Retin Cases Brief Rep. 2016 Summer;10(3):236-8. doi: 10.1097/ICB.0000000000000239.
BACKGROUND/PURPOSE: To report a novel ophthalmic finding of the development of chronic subretinal fluid in a patient with Kearns-Sayre syndrome.
An observational case report with funduscopic, angiographic, neurophysiologic, and optical coherence tomographic correlation.
An 11-year-old male with bilateral hearing loss, cerebellar dysfunction, short stature, low weight, ptosis, external ophthalmoplegia, and pigmentary retinopathy of both eyes developed chronic subretinal fluid below the central macula. This fluid has remained for more than 1.5 years. Genetic testing revealed a heteroplasmic 7,797 base pair mitochondrial deletion (m. 7638-1543del7797).
The authors report a novel physical finding of subfoveal fluid in a patient with Kearns-Sayre syndrome. The pathophysiologic etiology of this fluid and its localization to the subfoveal retina remains unclear. Patients with pigmentary retinopathy related to mitochondrial disorders should be monitored for the development of subretinal fluid, which can contribute to vision loss.
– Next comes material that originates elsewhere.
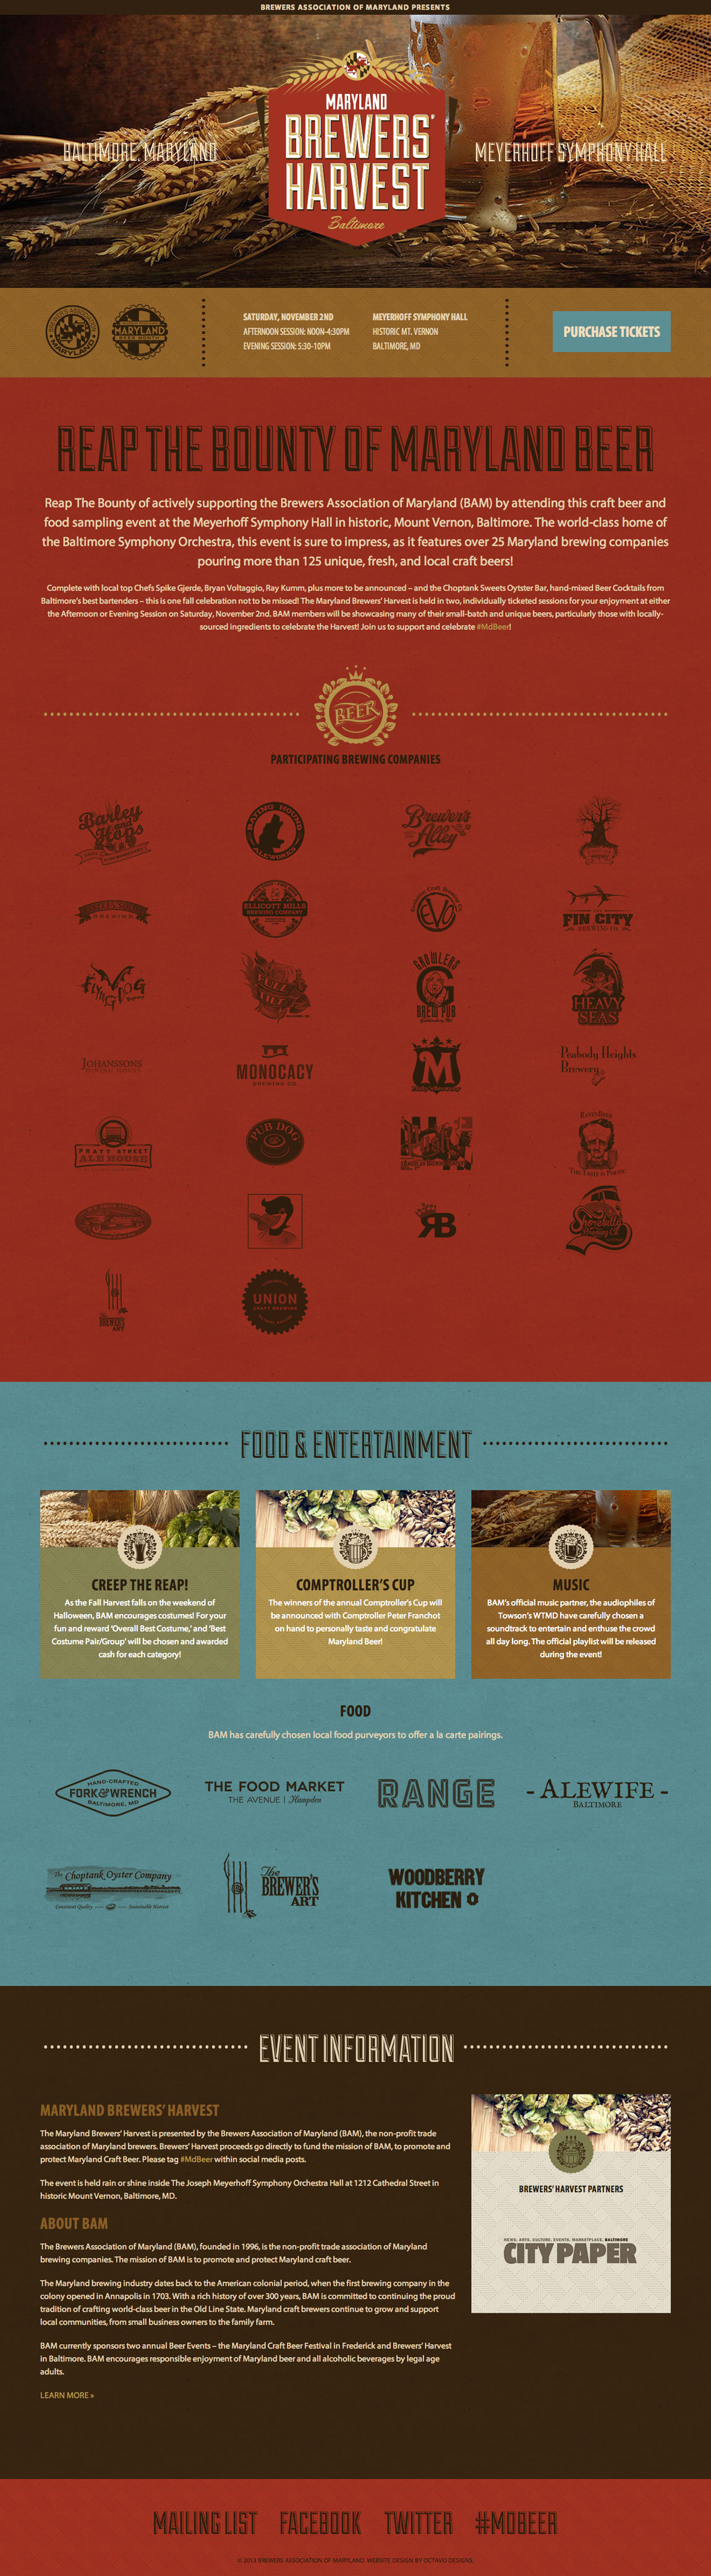 Maryland Brewers' Harvest Website Screenshot

背景/目的:报告1例患有卡恩斯-塞尔综合征(Kearns-Sayre syndrome)的患者出现慢性视网膜下液这一新颖的眼科发现。
一份包含眼底镜检查、血管造影、神经生理学检查及光学相干断层扫描相关性的观察性病例报告。
一名11岁男性,患有双侧听力丧失、小脑功能障碍、身材矮小、体重偏低、上睑下垂、眼球外肌麻痹及双眼色素性视网膜病变,在黄斑中心下方出现慢性视网膜下液。该液体已持续超过1.5年。基因检测显示存在一个7797个碱基对的异质性线粒体缺失(m. 7638-1543del7797)。
作者报告了1例患有卡恩斯-塞尔综合征的患者出现黄斑下液这一新颖的体格检查发现。这种液体的病理生理病因及其在黄斑下视网膜的定位仍不清楚。对于与线粒体疾病相关的色素性视网膜病变患者,应监测视网膜下液的发生情况,其可能导致视力丧失。